Suing me Suing you, ah hah. Online Free Speech costs more than you think.

Tom started a discussion about online libel and a few others such as Gavin picked up on it and asked:

I think you can claim to be a ‘man of straw’ and inability to pay

Anyone care to give him the good and bad news?

Given the fact that a fairly well known blogger around these parts got a cease and desist letter followed by a summons to the High Court over postings on his blog, I think the emerging Irish bloggersphere needs to realise the rules of this new world we are playing in. We’re free to post what we want but people and companies are also free to sue us over it. Digital Rights Ireland has put together the Digital Rights Ireland Pamphlet on Libel which every blogger, webforum owner, webforum poster and website owner should read and print off and attach to the side of their monitor.

Now, none of us in the group as far as I know are graphic designers, so if a logo expert or graphic designer would like to take the text and tart it up into a cute and stylish pamphlet then come talk to the DRI group.

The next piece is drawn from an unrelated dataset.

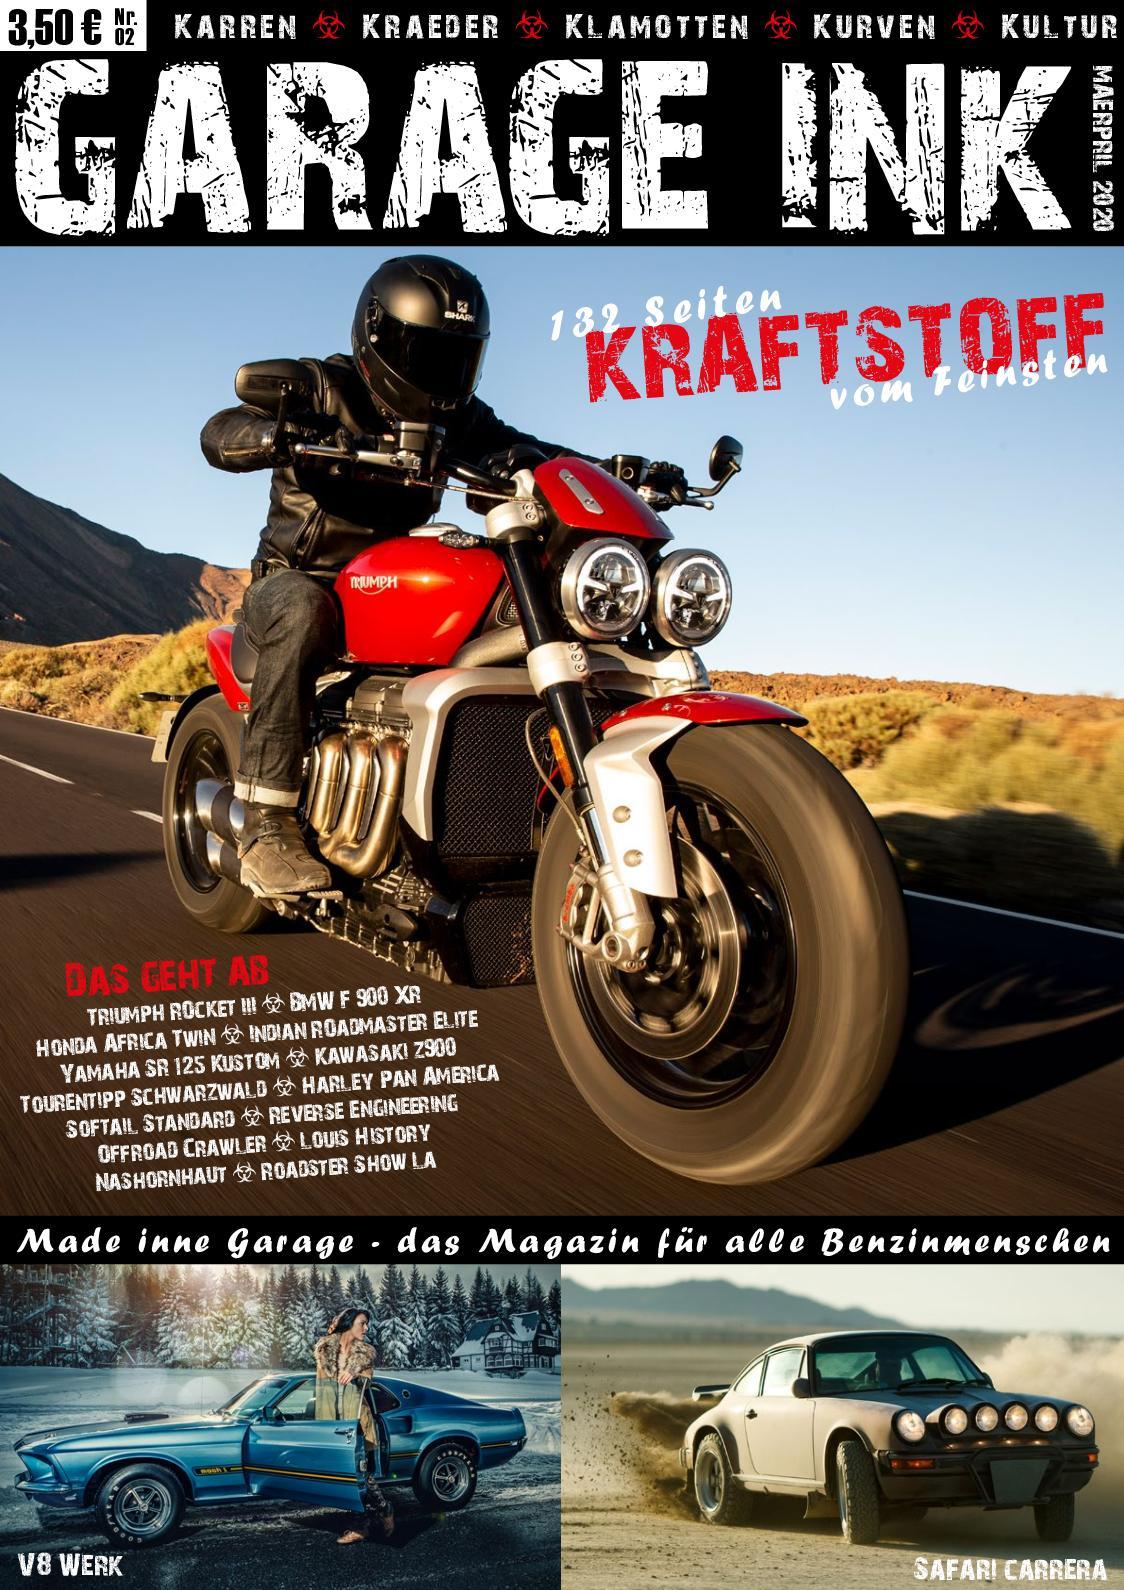 SODIAL R Motorrad Heizgriff 1 Paar 7// 8 Einstellbare Motorrad Heizgriffe Motorrad// Fahrrad Lenker Schwarz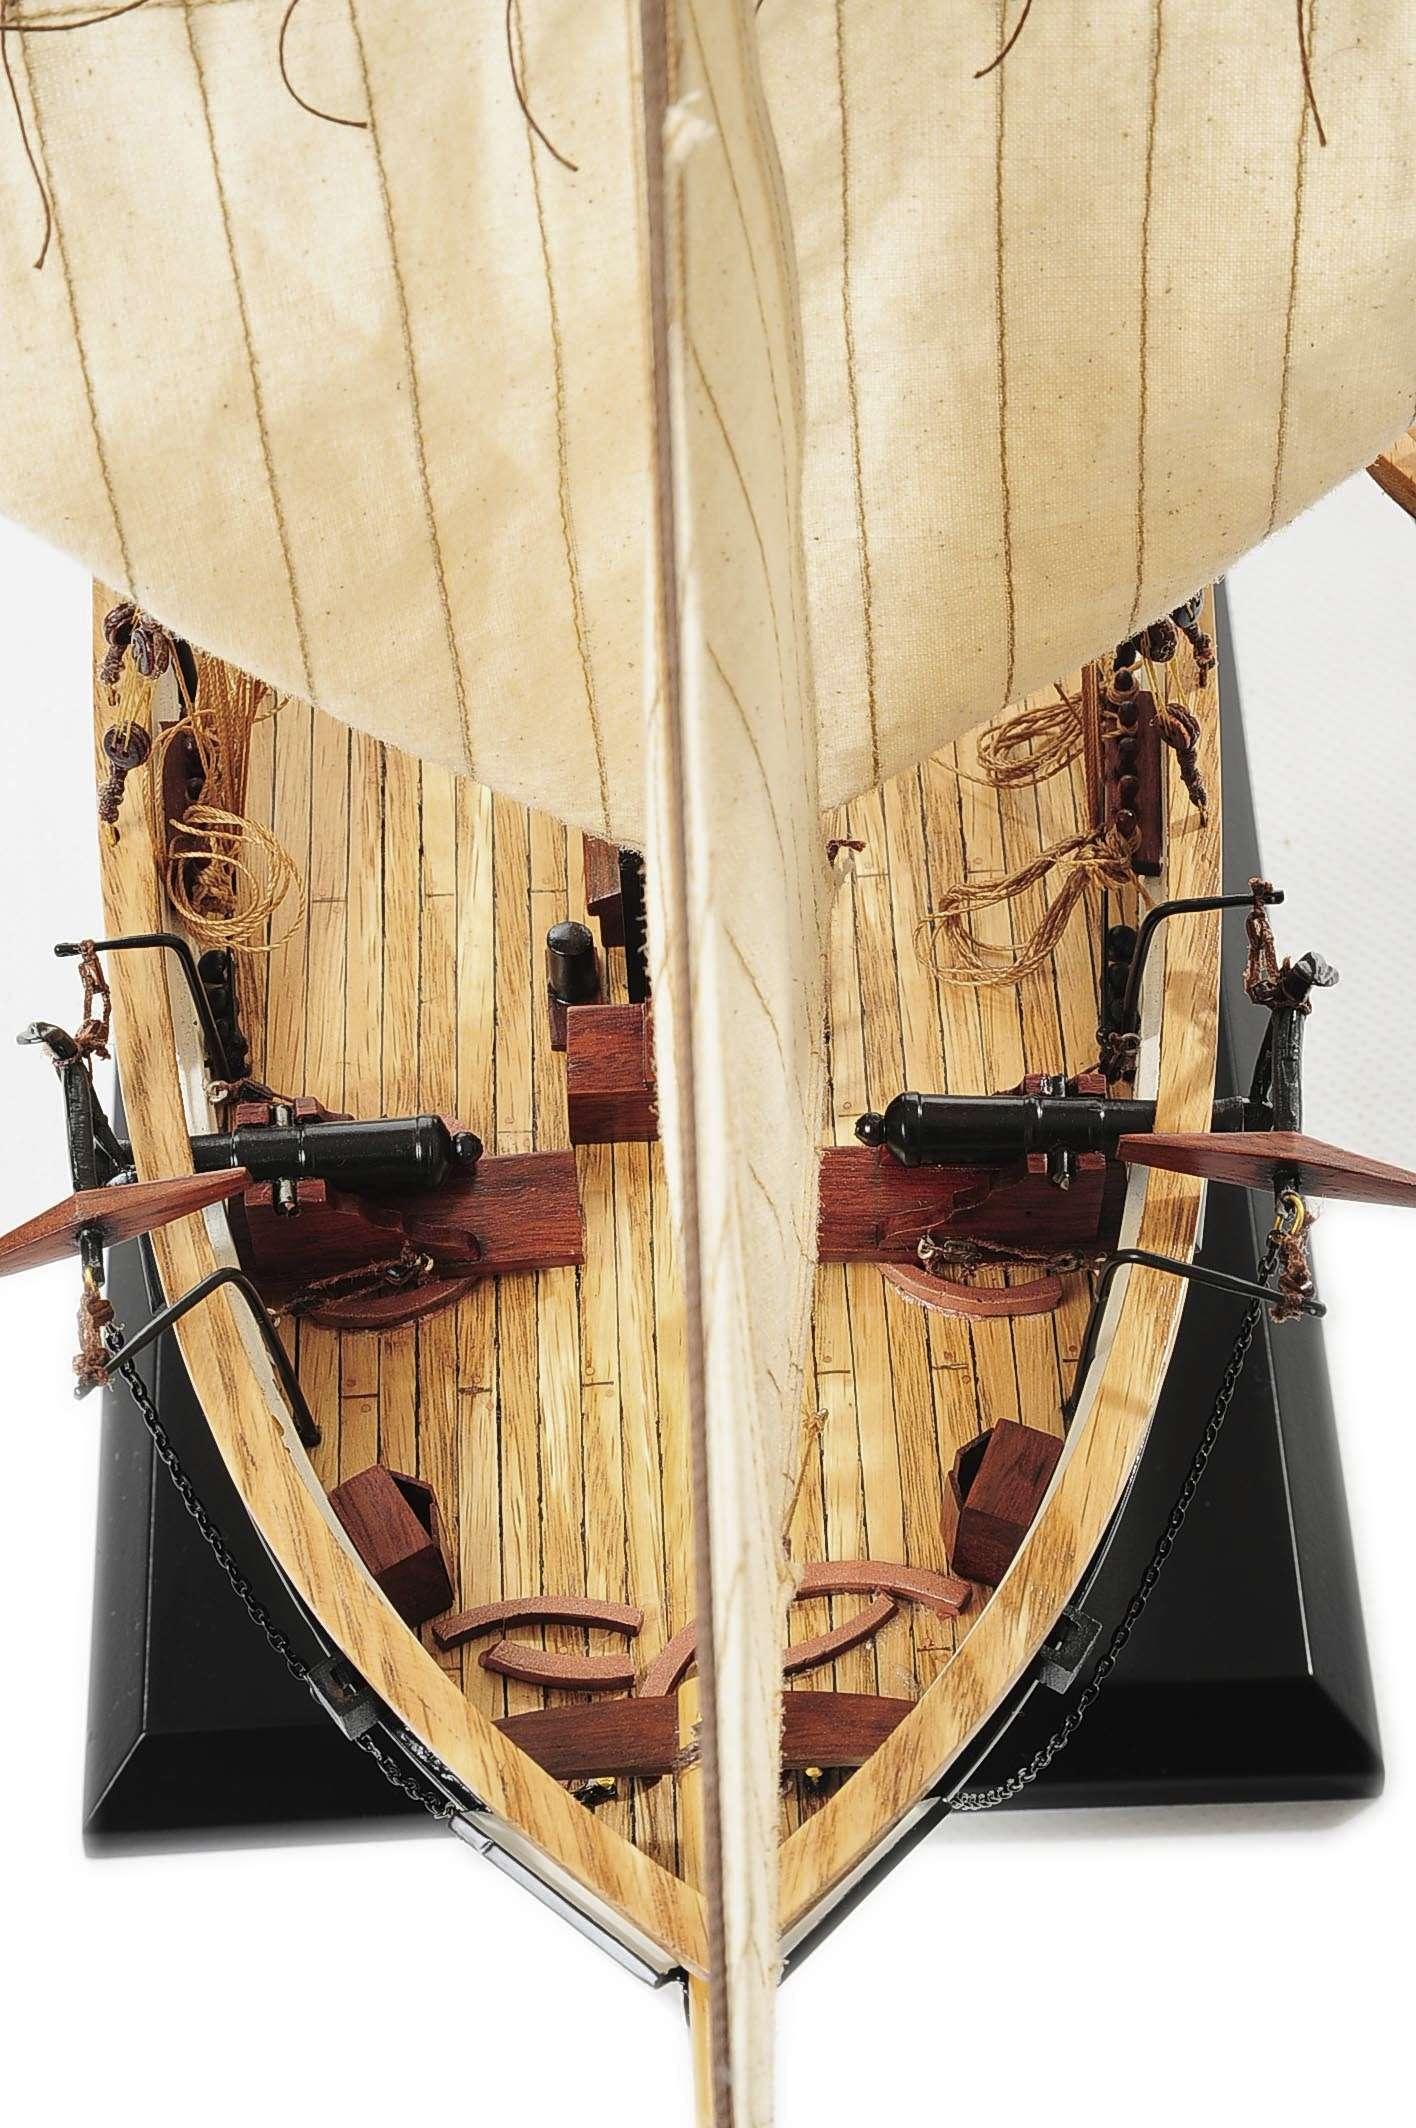 1428-4665-HMS-Cockchafer-2-Model-Boat

2 Responses to “Suing me Suing you, ah hah. Online Free Speech costs more than you think.”

  1. ip says:

    if the posts that tom is talking about are the ones i think they are (and the ones i think they are *are* gone from the relevent blog, but still visible in google cache) then i think it would actually be worth talking specifially about those posts, and not this liberal knee-jerk freedom of speech thing. there was a lot said in those posts that was totally unfair, and many of the comments that that blogger allowed to be published should have been deleted immediately. what’s most funny about this though is the crusading zeal with which everything on the issue was being said at the time, and yet faced with difficulty the blogger meakly caved in. this notion, as per tom’s reported im conversation, that he would have mentioned it if asked about it is a laughable defence for the manner in which the posts were removed. those posts *should* have been removed, but the blogger still clearly feels aggireved, and i doubt if he’s learned a lesson from this. if you *really* want bloggers to learn a lesson from this case, then the specifics of it are, clearly, important, and talking vaguely of freedom of speech is doing the issue a disservice.

  2. Simon McGarr says:

    Some people just can’t see the hammer until it hits them.